** EXERCISE DESCRIPTION **
Give back exactly the lines from the one that holds "Beautiful cream couch" through the final line of the data; omit the pictures and add nothing.

** RAW DATA **

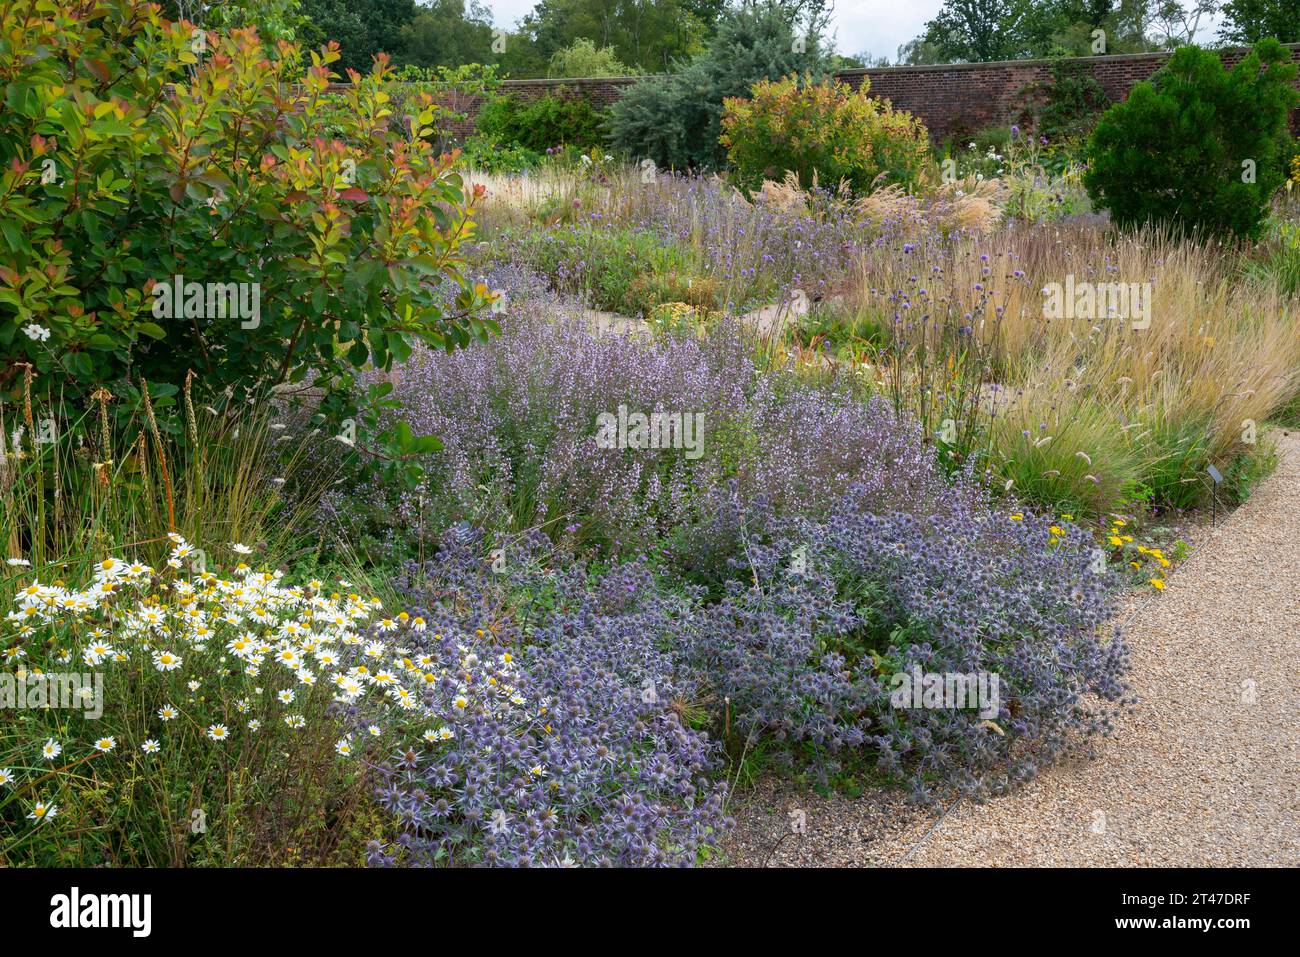 Summer in the gardens at RHS Bridgewater, Worsley, Salford, England. Mixed planting in the Paradise Garden. Stock Photo
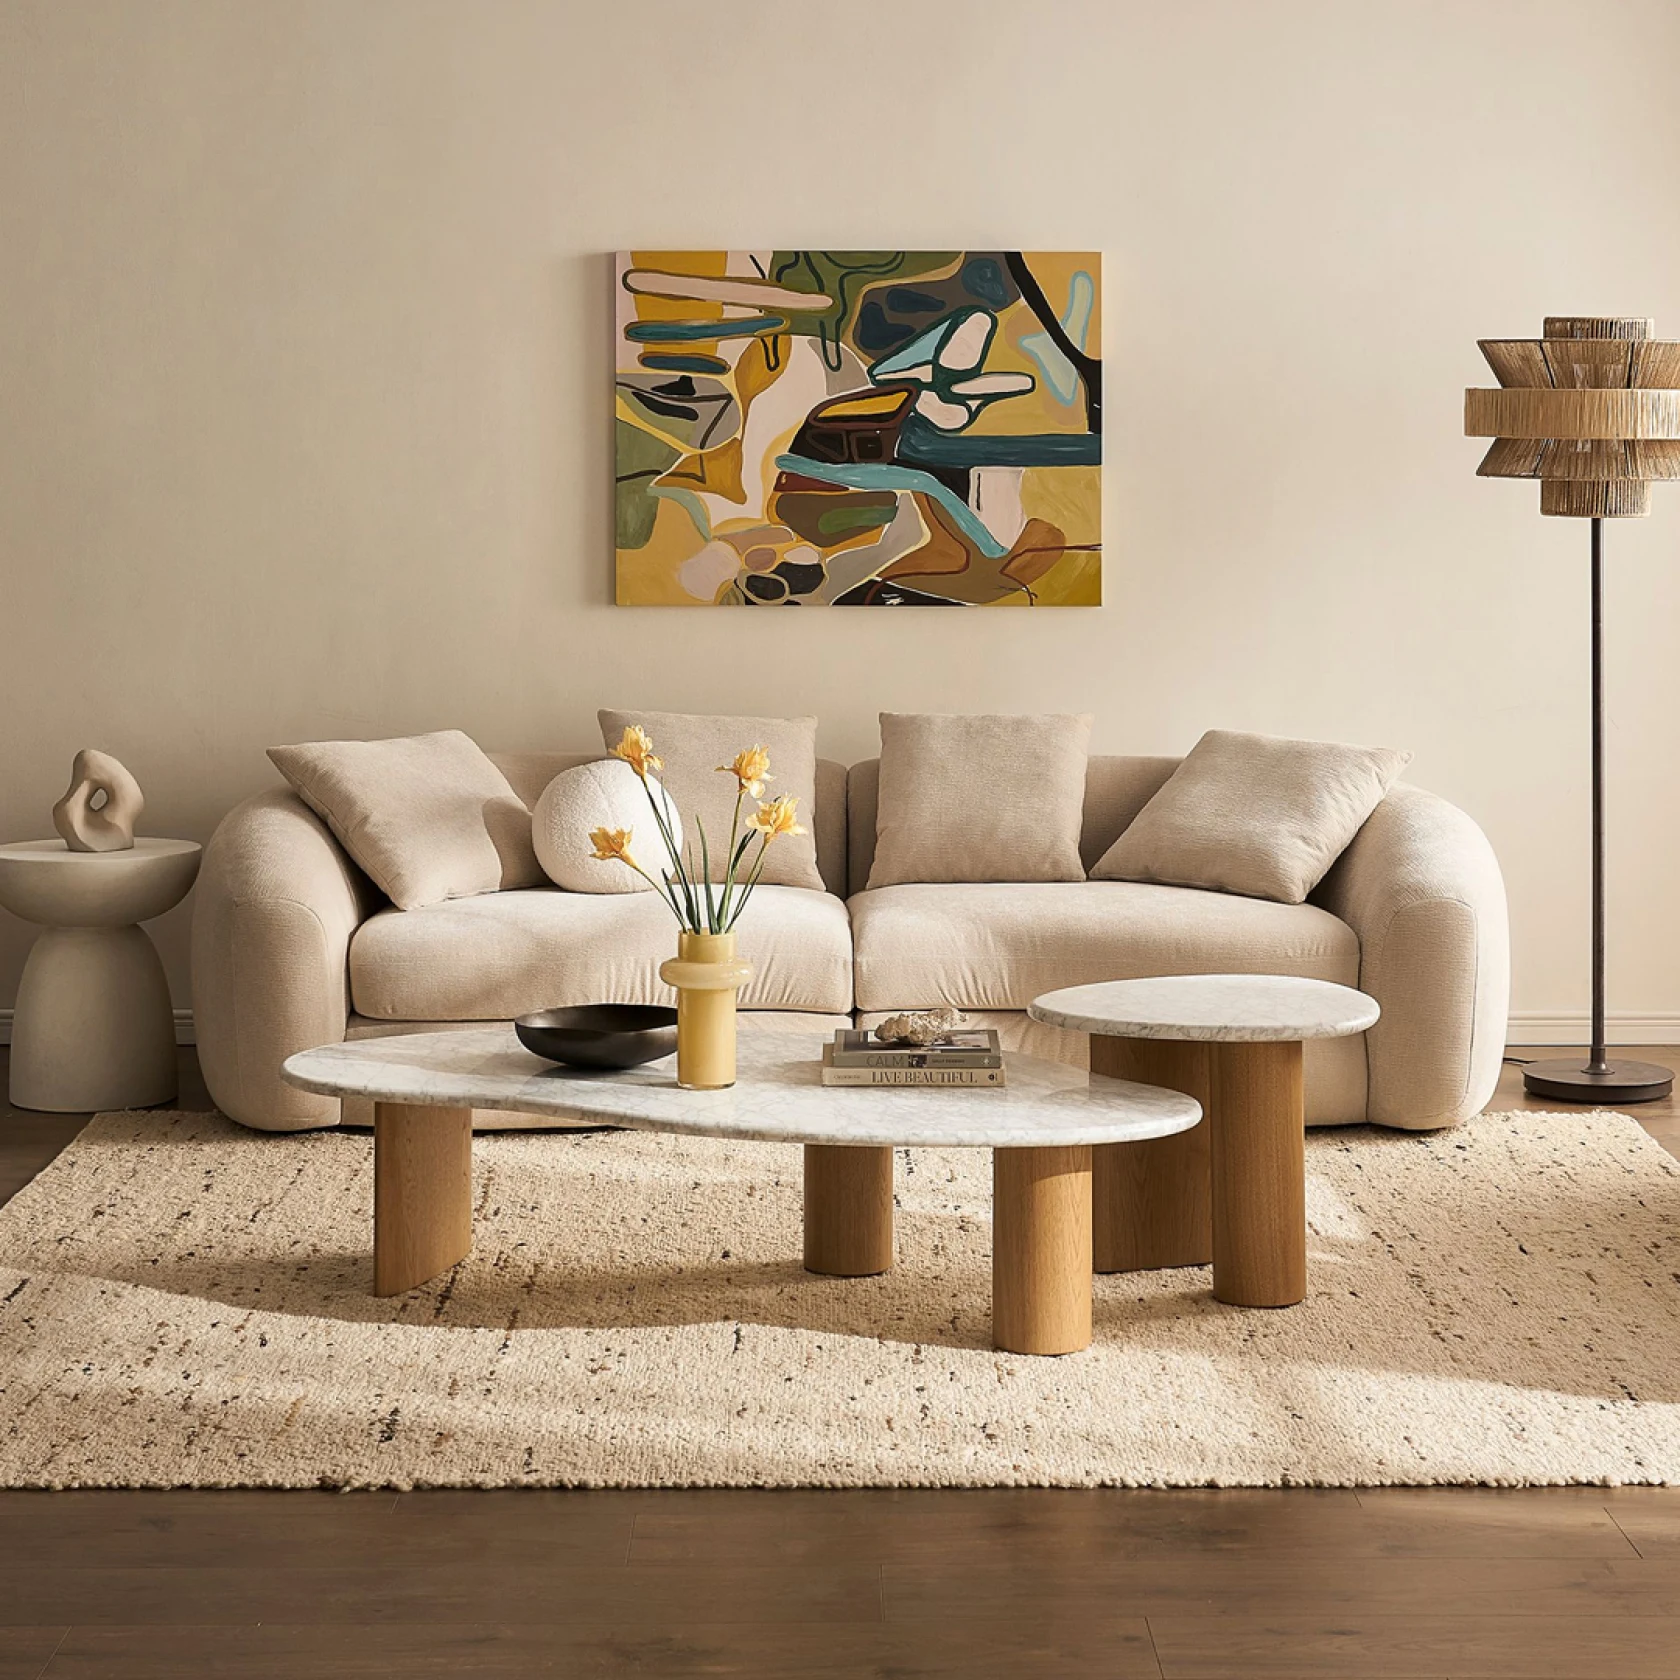 Beautiful cream couch with stylish coffee table, art, and standing lamp
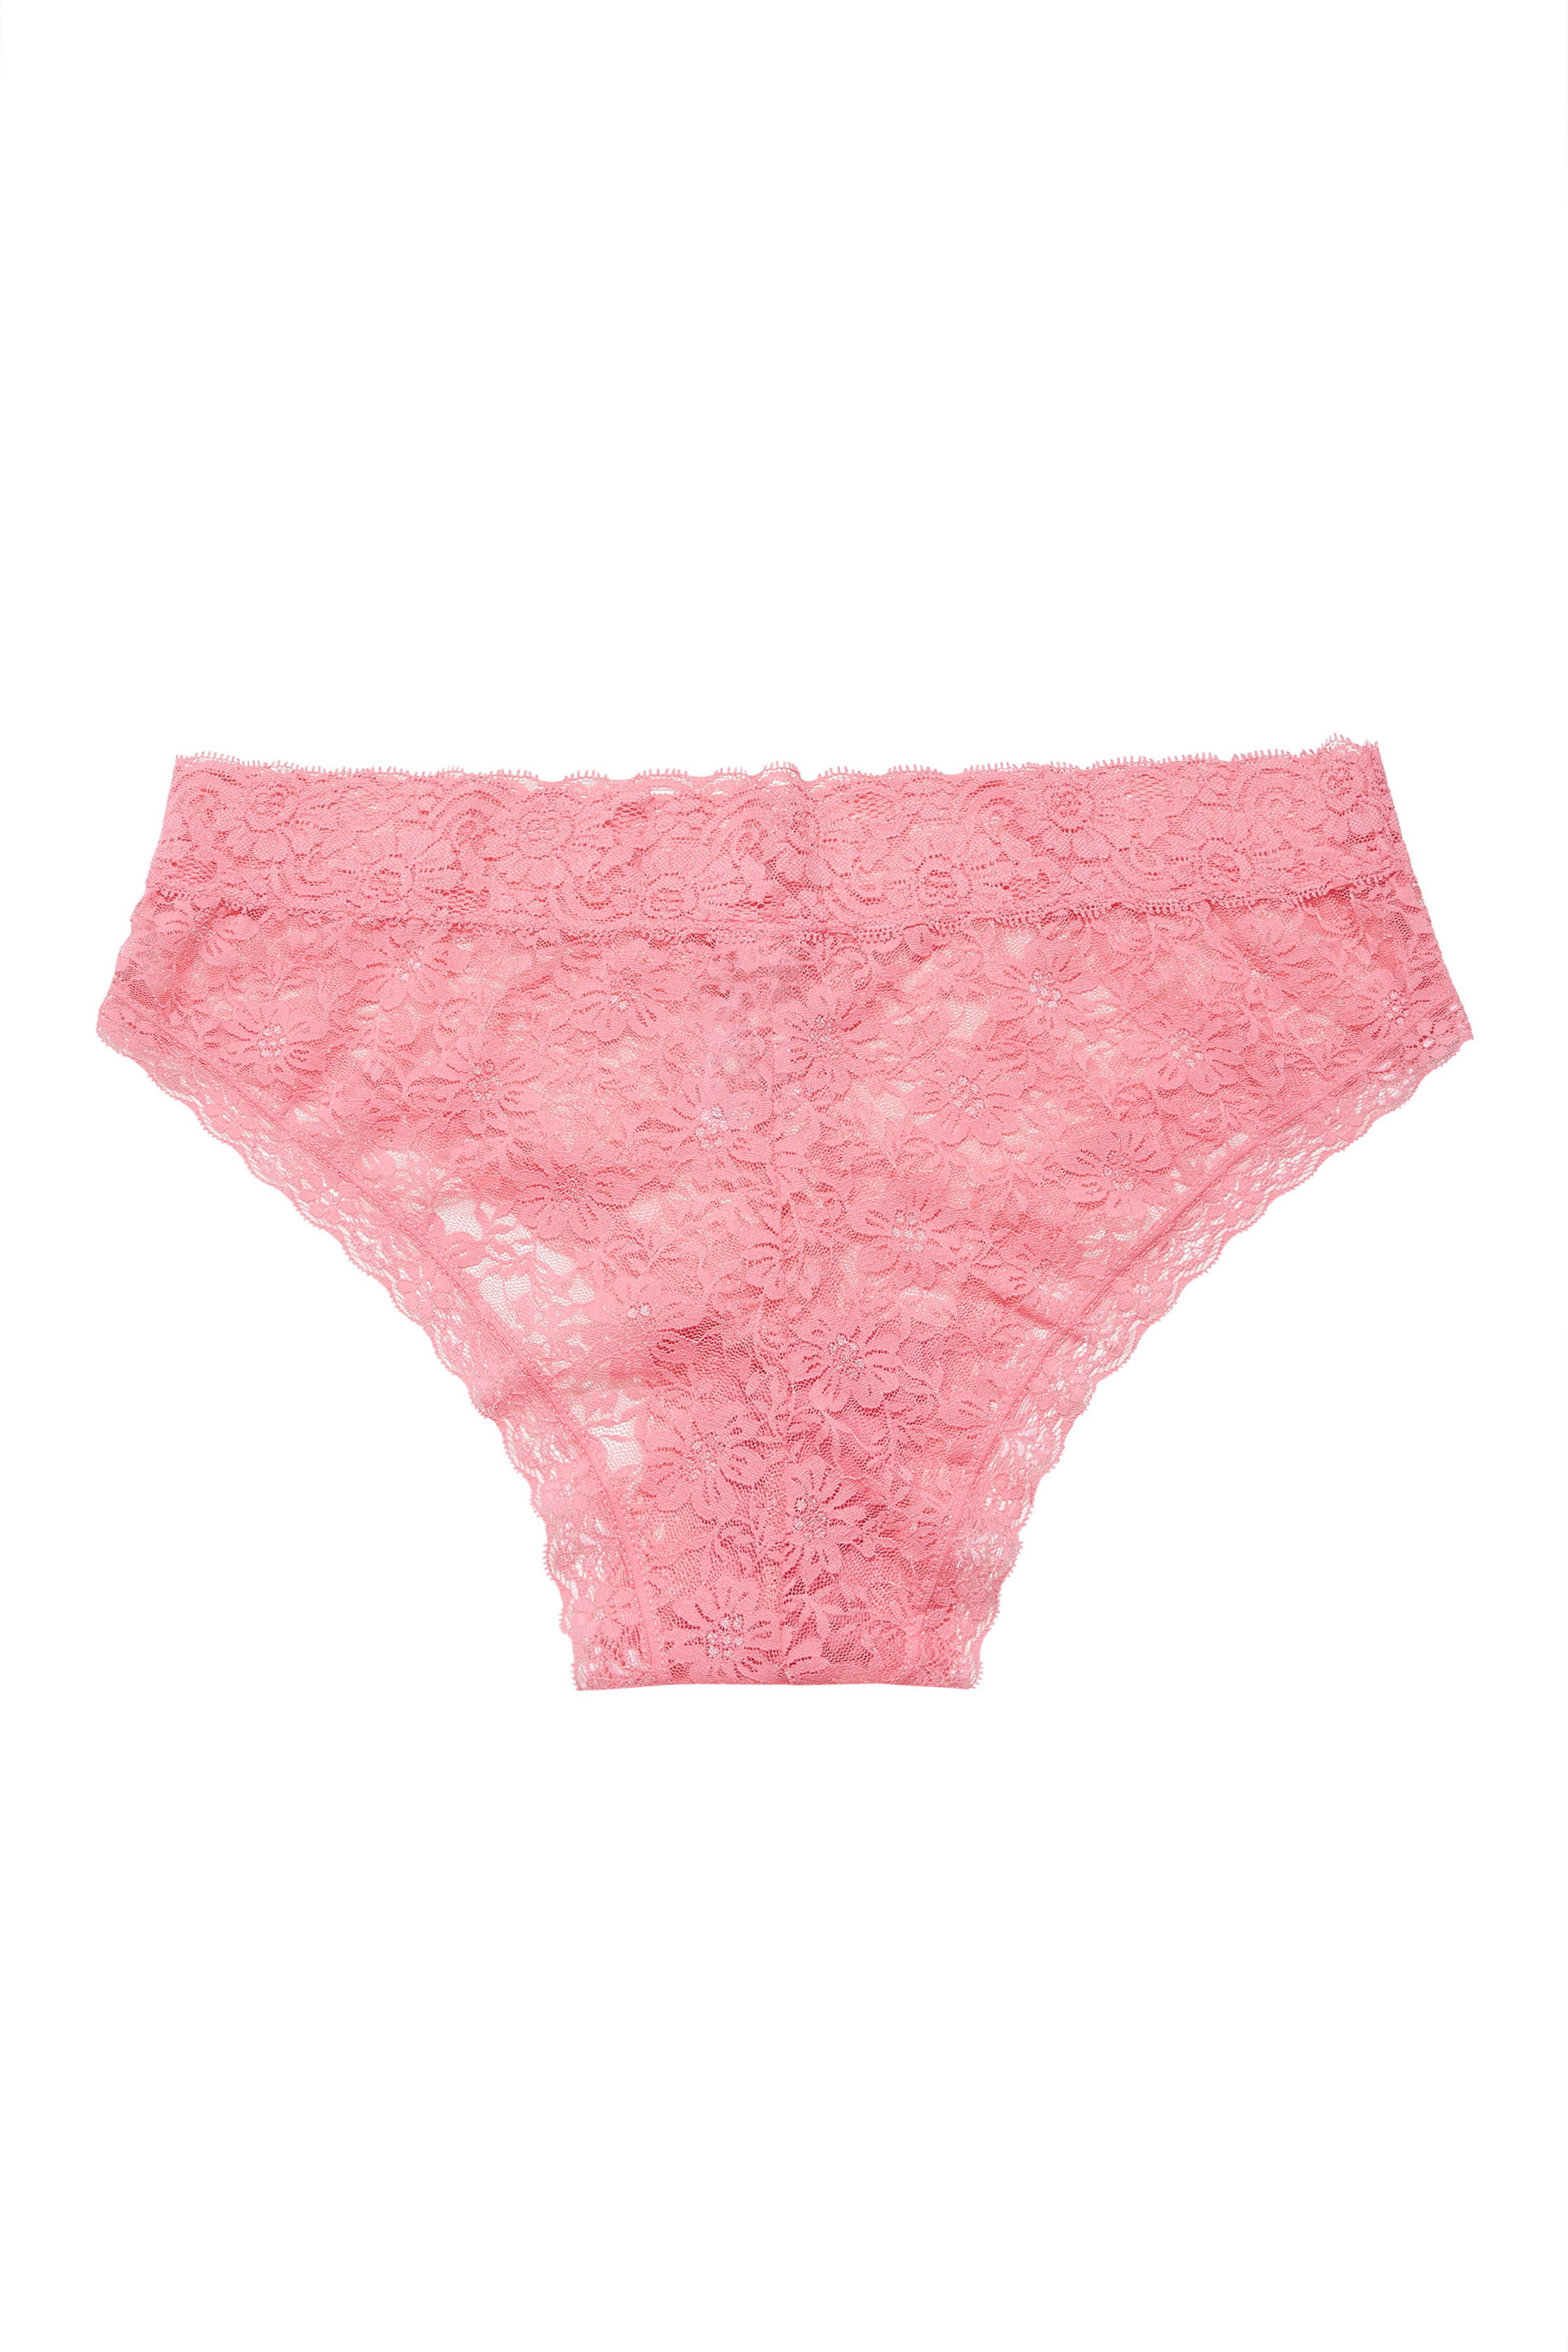 3 PACK Black & PInk Lace Briefs | Yours Clothing

** TASK ANSWER **
 Beautiful cream couch with stylish coffee table, art, and standing lamp
 3 PACK Black & PInk Lace Briefs | Yours Clothing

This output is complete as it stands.